Got up at 5 again... killer! had an early breakfast and then headed to the Kings Canyon to start the walk - our guide Mary Ann wanted to start early before the heat. The walk was 8Km again but a harder walk this time so would take us longer. God, thought i was going to die on the first bit - had to hike right up this rock face to the top of the canyon - could barely breathe! Apparently this bit of the canyon is in the film Priscilla Queen of the Desert and they all hiked up it in Drag shoes - wouldnt fancy that much though, at least we had trainers!
Walk was amazing - best one yet. Views were spectacular. Saw a form of fossilised trilobites (extinct athropods which existed about 300 million years ago) see pics! and also jelly fish fossils and fossilised sea ripple patterns, all of which prove that at one stage (several hundred million years ago) the canyon was under water! Cimatic change and seismic shifts in the earth forced it out of the ground.
APOLOGIES GUYS - todays blog is abit archaeology heavy isnt it... god im such a geek!
Anyhoo... yeah walk was amazing ... blah blah blah! After walk headed to Alice Springs, stopped on the way at a roadhouse in Kings Creek were there was an old man who owned the roadhouse, him and his dad were responsible for making the dirt road that connected alice springs to the canyon and a lookout at the canyon has been dedicated to them in their honour, called cotterrils lookout. At the front of the road house was part of the truck that cleared the road. When we went inside the cafe the guy asked if someone would go and play the piano. Sarah went up and played, then his dog, which was a wild dingo which he had rescued as a pup after it had been posioned, got up on top of the piano and started howling, the higher she played on the piano the higher he howled. It was sooo funny. The Dingo was called dinky, and he is famous he's been in newspapers and national geographic, raising thousands of dollars for charity, he' s even in the latest edition of trivial pursuits... so if anyone plays and that question comes up, now you know the answer!
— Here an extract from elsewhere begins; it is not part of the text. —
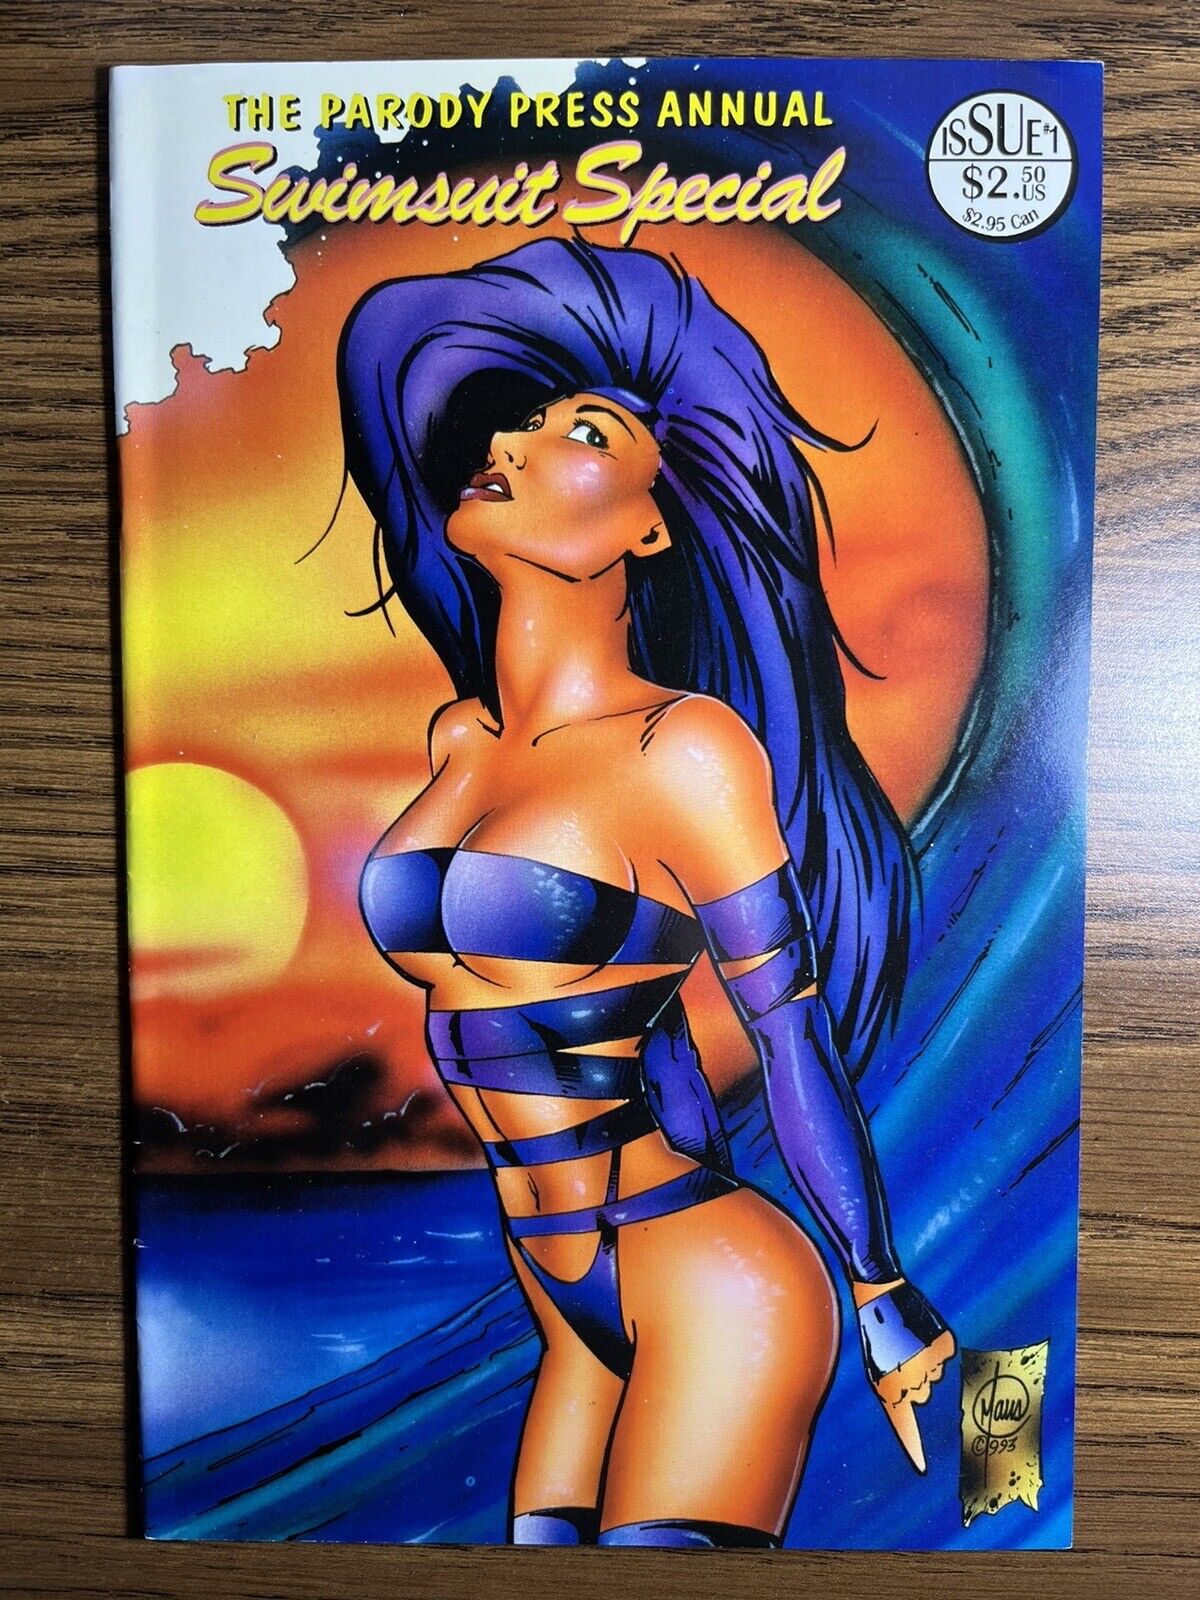 THE PARODY PRESS ANNUAL SWIMSUIT SPECIAL 1 GORGEOUS BILL MAUS COVER 1993 RARE

Alice Springs was a bit of a dissapointment! I was a nit naive i think in expecting it to be this quaint little town in the middle of the outback a bit like something out of crocodile dundee.... no! they had a shopping mall (yeah fine there was buggar all in it, but they still had one!), and even a bloody KFC ( so you'd be alright Kerry!!) Yeah - wasnt too impressed really, what with that and the shed loads of aboriginees sitting around pissed - wasnt too fussed about flying out the next morning to Adelaide.
So here i am in adelaide! Am staying in the seaside suburb of Glenelg which is really nice - it just has something about it. Could only get a room in the hostel for 2 nights and then have to head to the city. But planning on spending the next couple of days catching up with some beach side activities - hard life hey!! Sally is hopefully coming to Adelaide next week and we are hoping to travel the great ocean road together before ending up in Melbourne. Am thinking ill settle in Melbourne for a bit and try and work. ( well thats the plan at the moment anyway!)
Anyway peeps am sure have bored you rigid today - promise there wont be so much factual stuff in the next blog - ill try and create some gossip and silly snippets for you!!
I've added a couple of outback pics for ya to look out. enjoy!